Hippocampus als Mitspieler beim Kurzzeit-Gedächtnis

Der Theta-Takt bestimmt hingegen die Zeitspanne, die dem Kurzzeitgedächtnis zur Auffrischung sämtlicher Gesichter insgesamt zur Verfügung steht. Für diese Interpretation spricht ein weiterer Befund der Wissenschaftler: Die Theta-Schwingung wurde nämlich umso langsamer, je mehr Gesichter sich die Probanden merken sollten. Je mehr Information das Kurzzeitgedächtnis speichern muss, desto länger braucht es auch, um diesen Inhalt zyklisch aufzufrischen.

Bislang galt der Hippocampus zwar als eine der Schlüsselregionen für die Funktion des Langzeitgedächtnisses. Ob er auch im Kurzzeit-Gedächtnis eine Rolle spielt, war dagegen umstritten.
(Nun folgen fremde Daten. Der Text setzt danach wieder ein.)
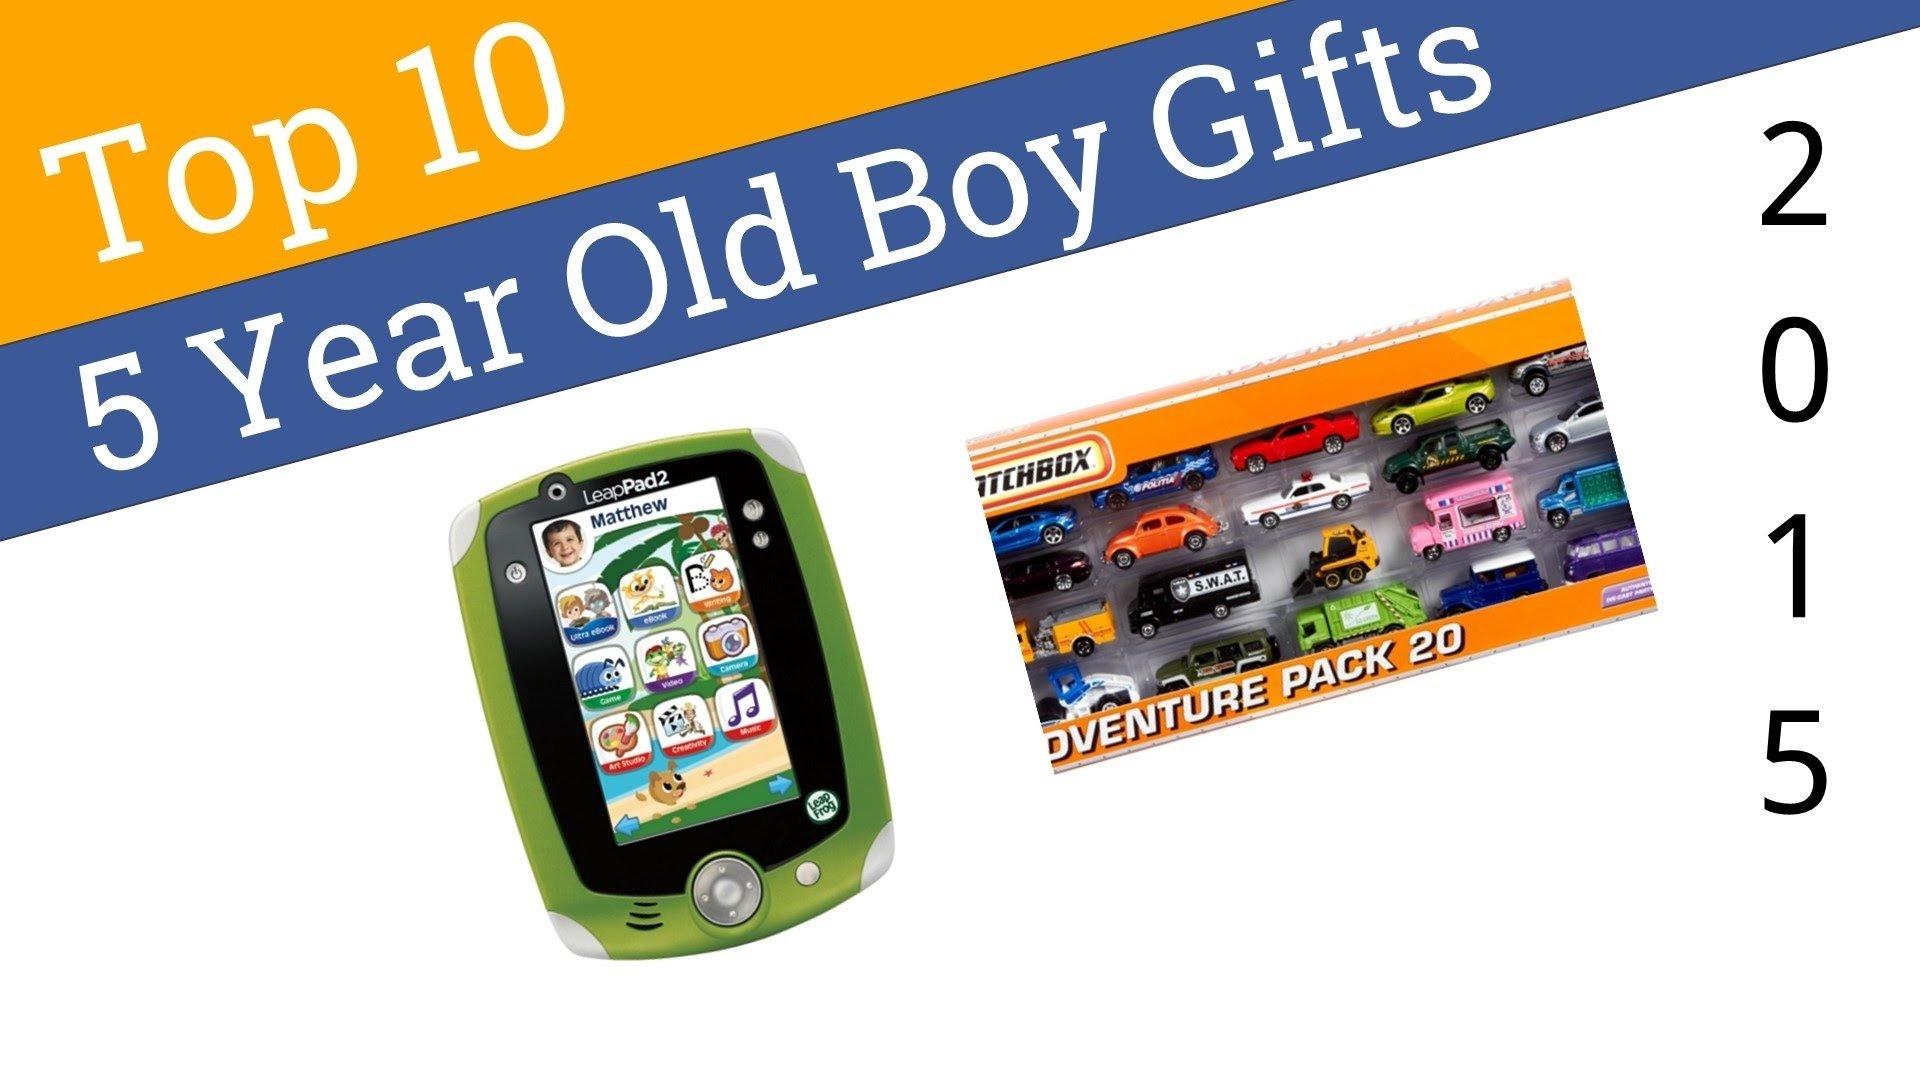 10 Elegant Year Old Boy Birthday Gift Ideas Best 5 Gifts

Dazu Axmacher: „Unsere Ergebnisse deuten jedoch eindeutig in diese Richtung.“

Elektroden zeichnen Vorgänge in den tiefen Hirnregionen auf

Bei ihrer Studie profitierten die Forscher von der Tatsache, dass die Uni Bonn über eines der größten epilepsiechirurgischen Zentren weltweit verfügt. Patienten mit schweren Epilepsien können sich hier den Anfallsherd operativ entfernen lassen. Teilweise werden ihnen dabei im Vorfeld Elektroden in die betroffenen Gehirnbereiche implantiert. Diese dienen unter anderem der Lokalisierung des Anfallsherdes. Sie lassen sich aber auch nutzen, um die elektrischen Vorgänge in den tiefen Hirnregionen aufzuzeichnen – wie etwa in dieser Studie aus dem Hippocampus.